> [DIRECTIONS]
Beneath this line sits some data. Return only its lines from the one holding "Threaded barrel Special" through the one holding "Managing Your Personal", inclusive, exactly, with the images removed.

> [RECORDS SUPPLIED]
☆ ☆ ☆ ☆ ☆

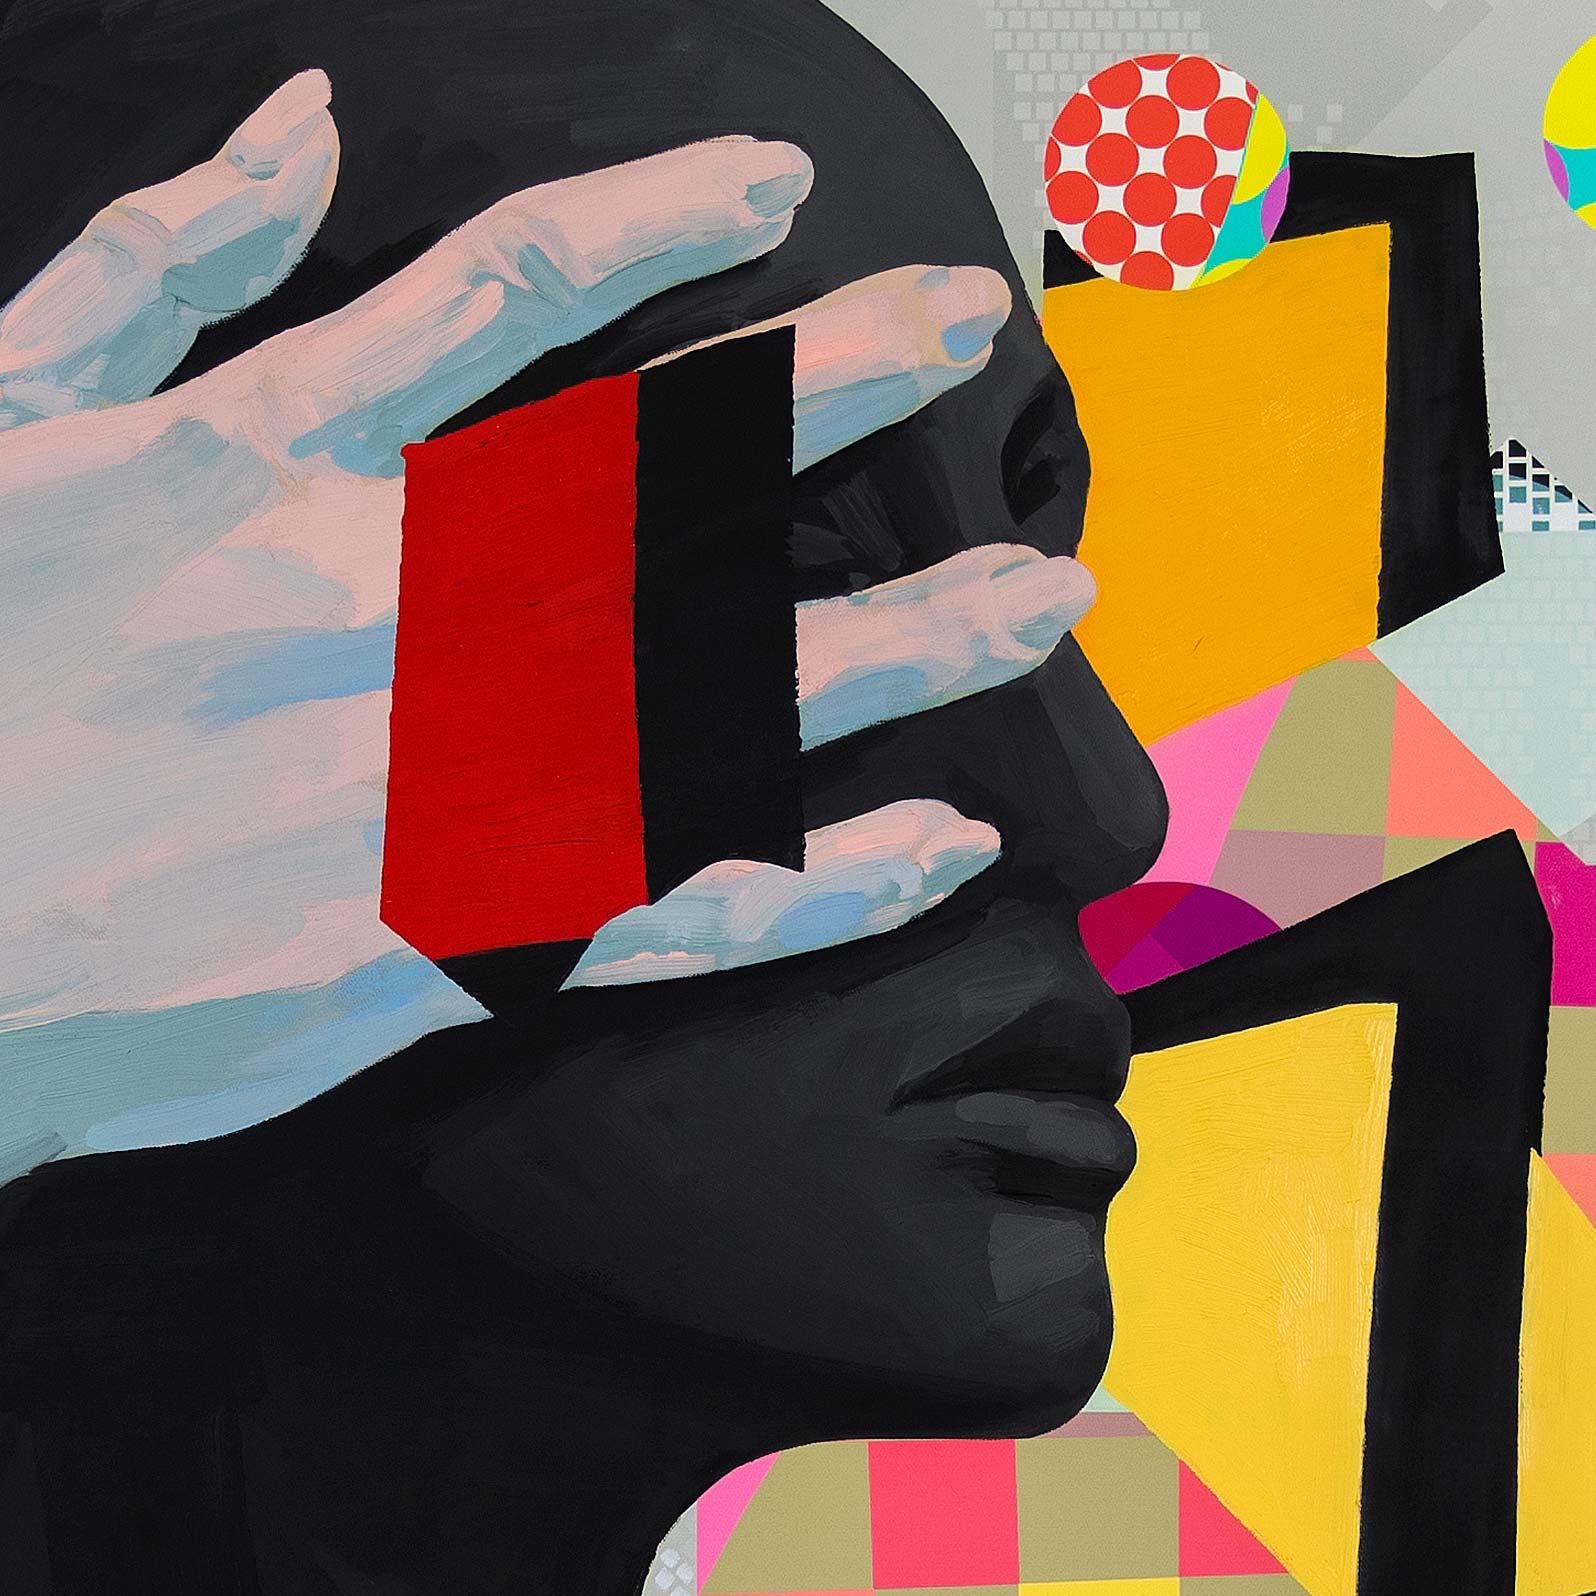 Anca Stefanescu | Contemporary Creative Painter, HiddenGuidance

☆ ☆ ☆ ☆ ☆

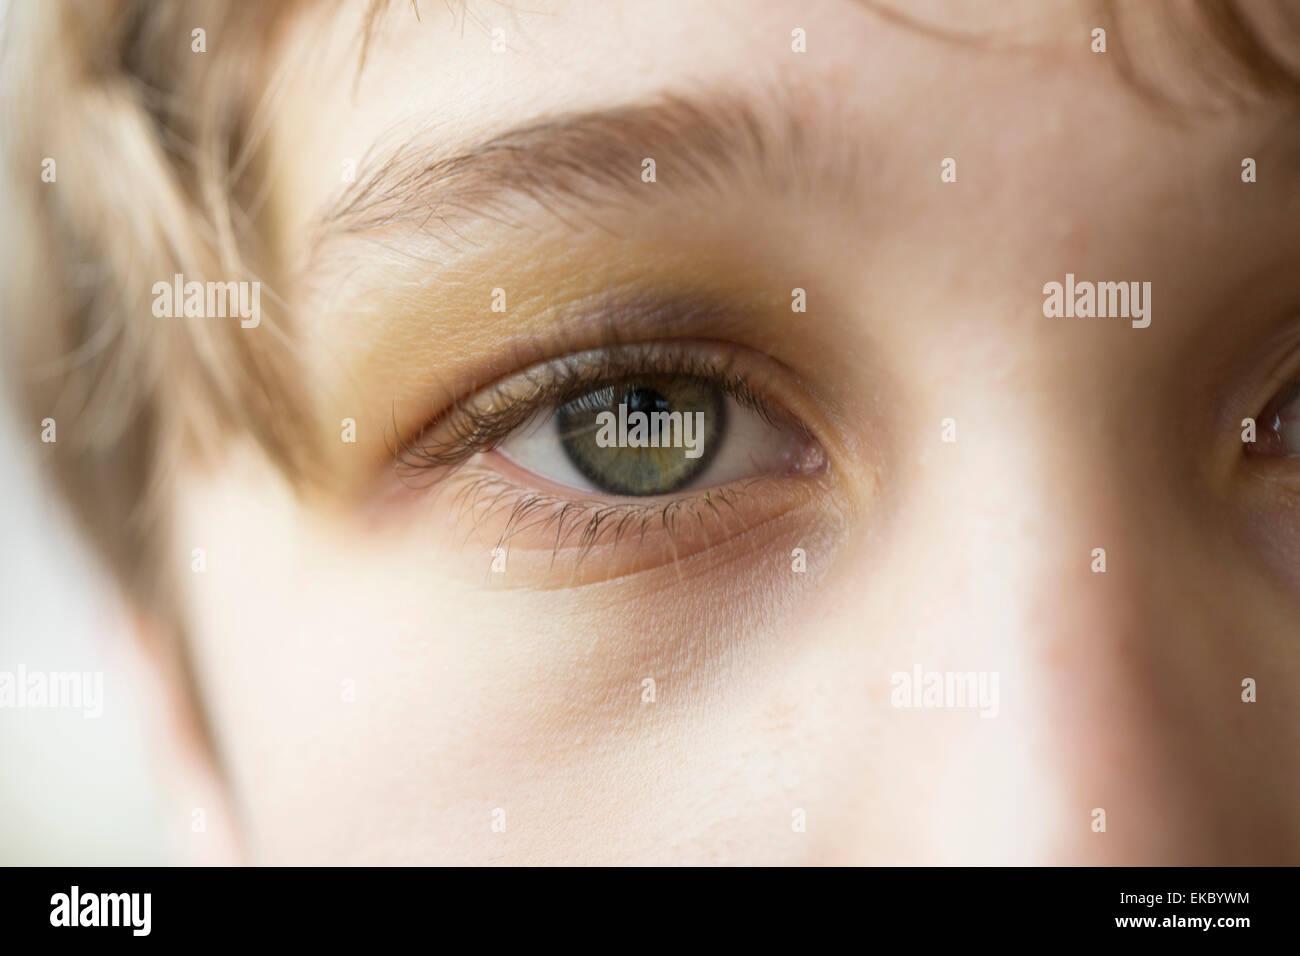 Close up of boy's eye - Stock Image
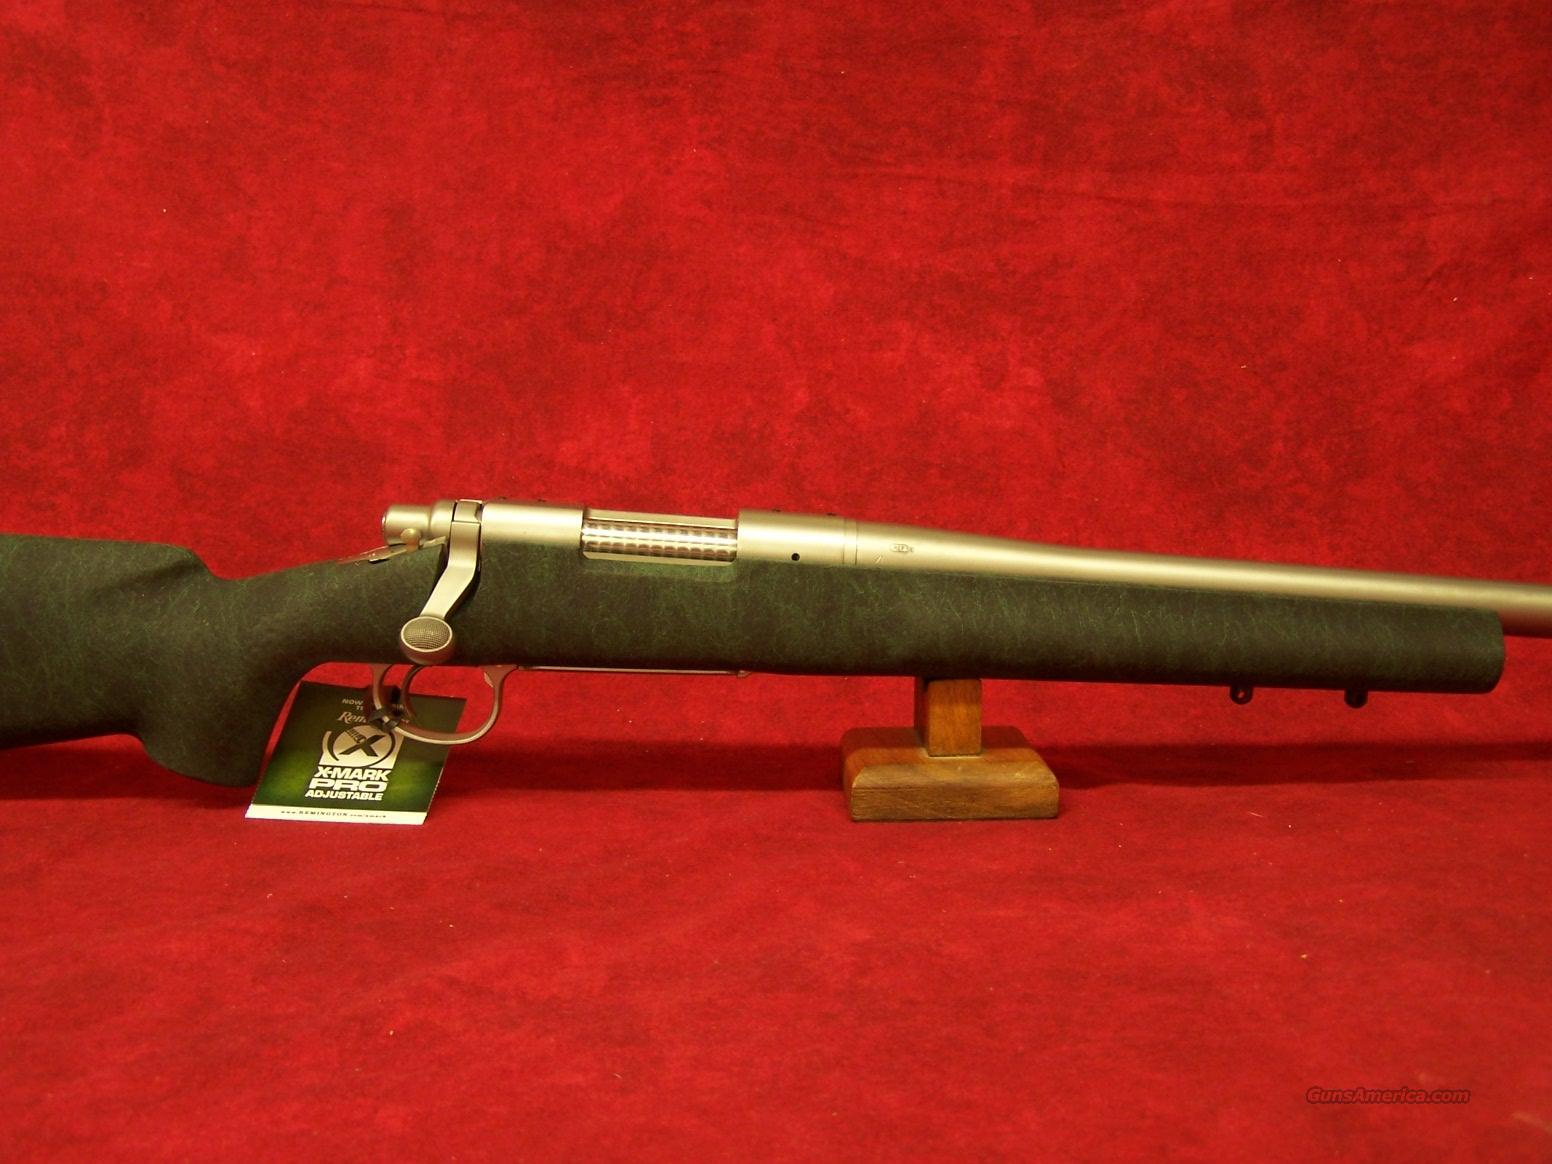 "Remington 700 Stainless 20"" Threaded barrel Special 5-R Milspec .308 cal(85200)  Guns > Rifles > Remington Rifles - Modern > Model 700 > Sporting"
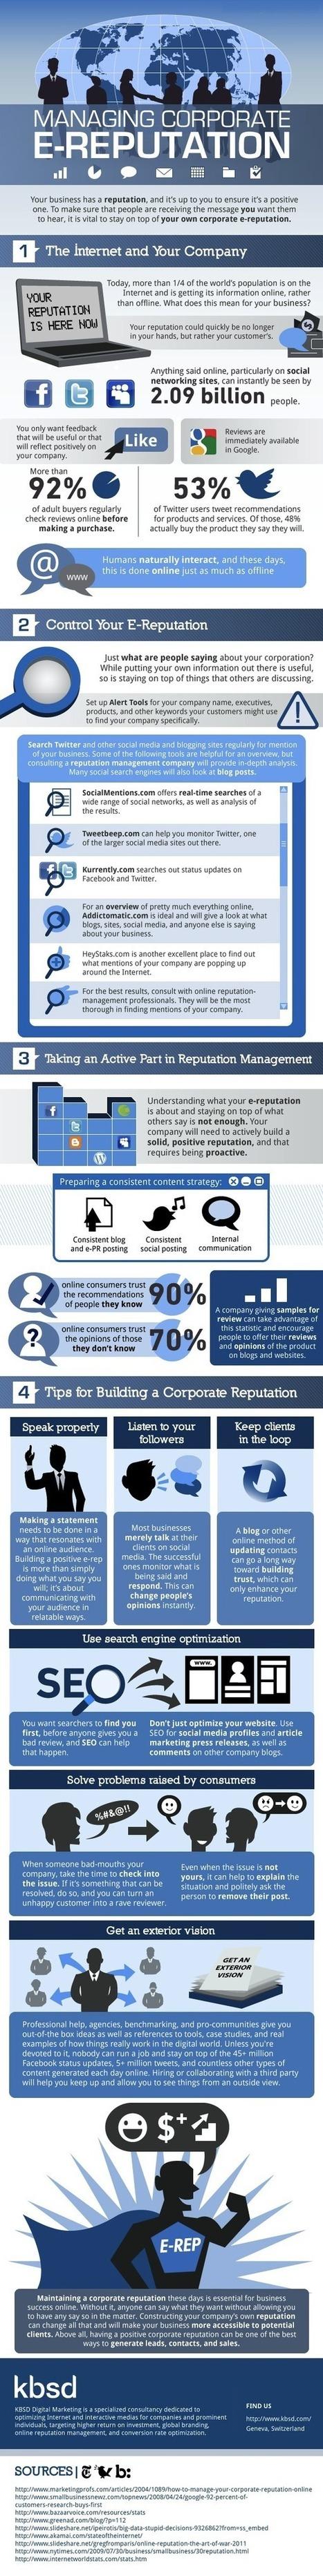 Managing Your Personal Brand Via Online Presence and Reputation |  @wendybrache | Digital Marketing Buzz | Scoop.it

☆ ☆ ☆ ☆ ☆

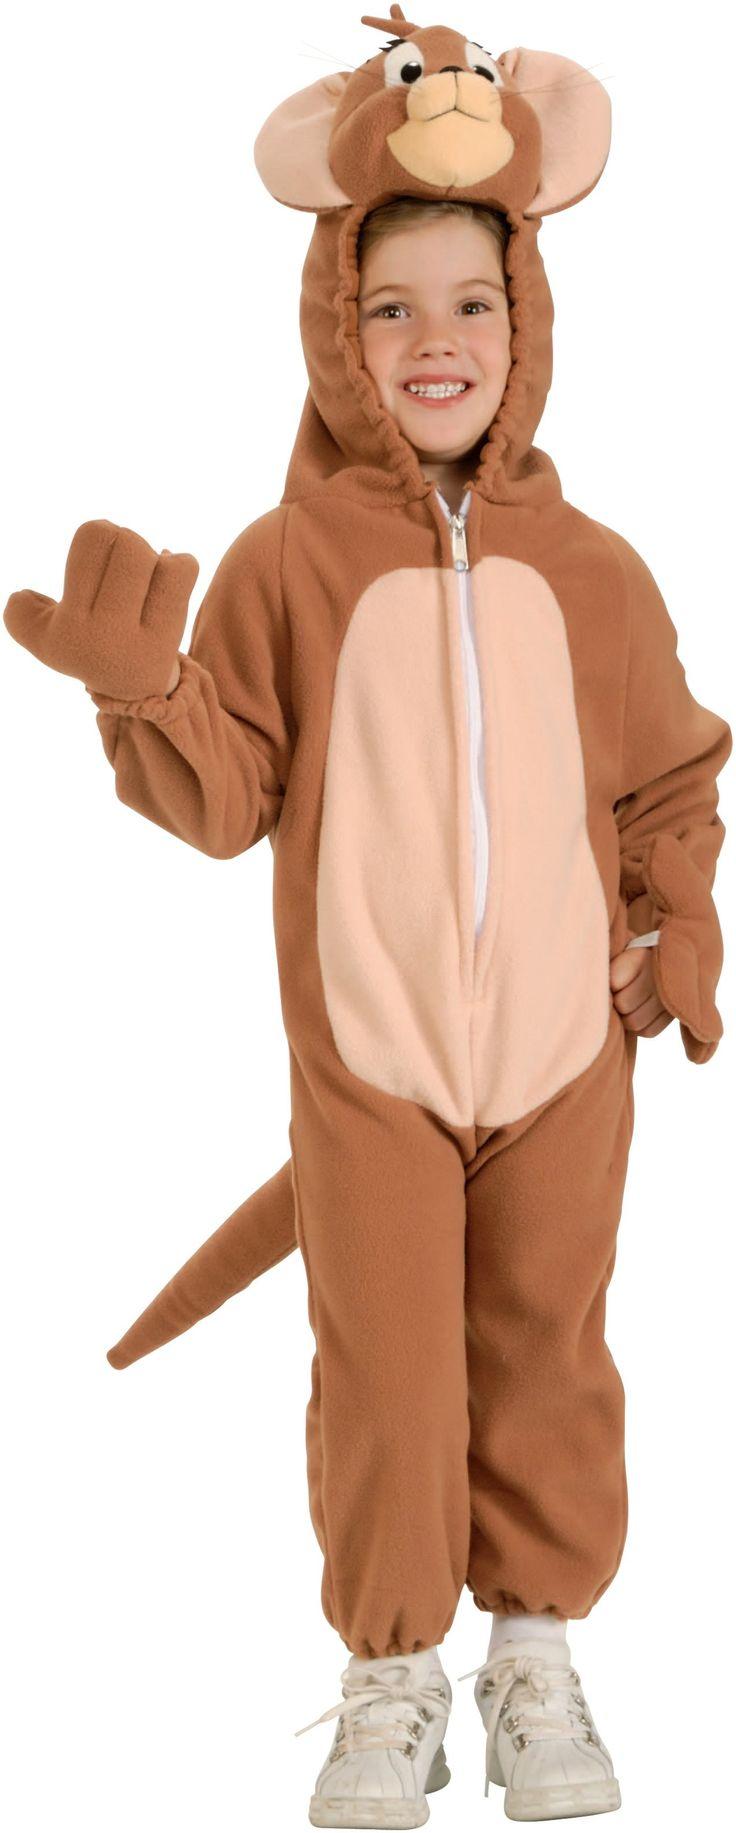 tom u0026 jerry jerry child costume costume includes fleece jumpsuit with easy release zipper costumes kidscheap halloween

☆ ☆ ☆ ☆ ☆

> [PROBLEM SOLUTION]
 "Remington 700 Stainless 20"" Threaded barrel Special 5-R Milspec .308 cal(85200)  Guns > Rifles > Remington Rifles - Modern > Model 700 > Sporting"
 Managing Your Personal Brand Via Online Presence and Reputation |  @wendybrache | Digital Marketing Buzz | Scoop.it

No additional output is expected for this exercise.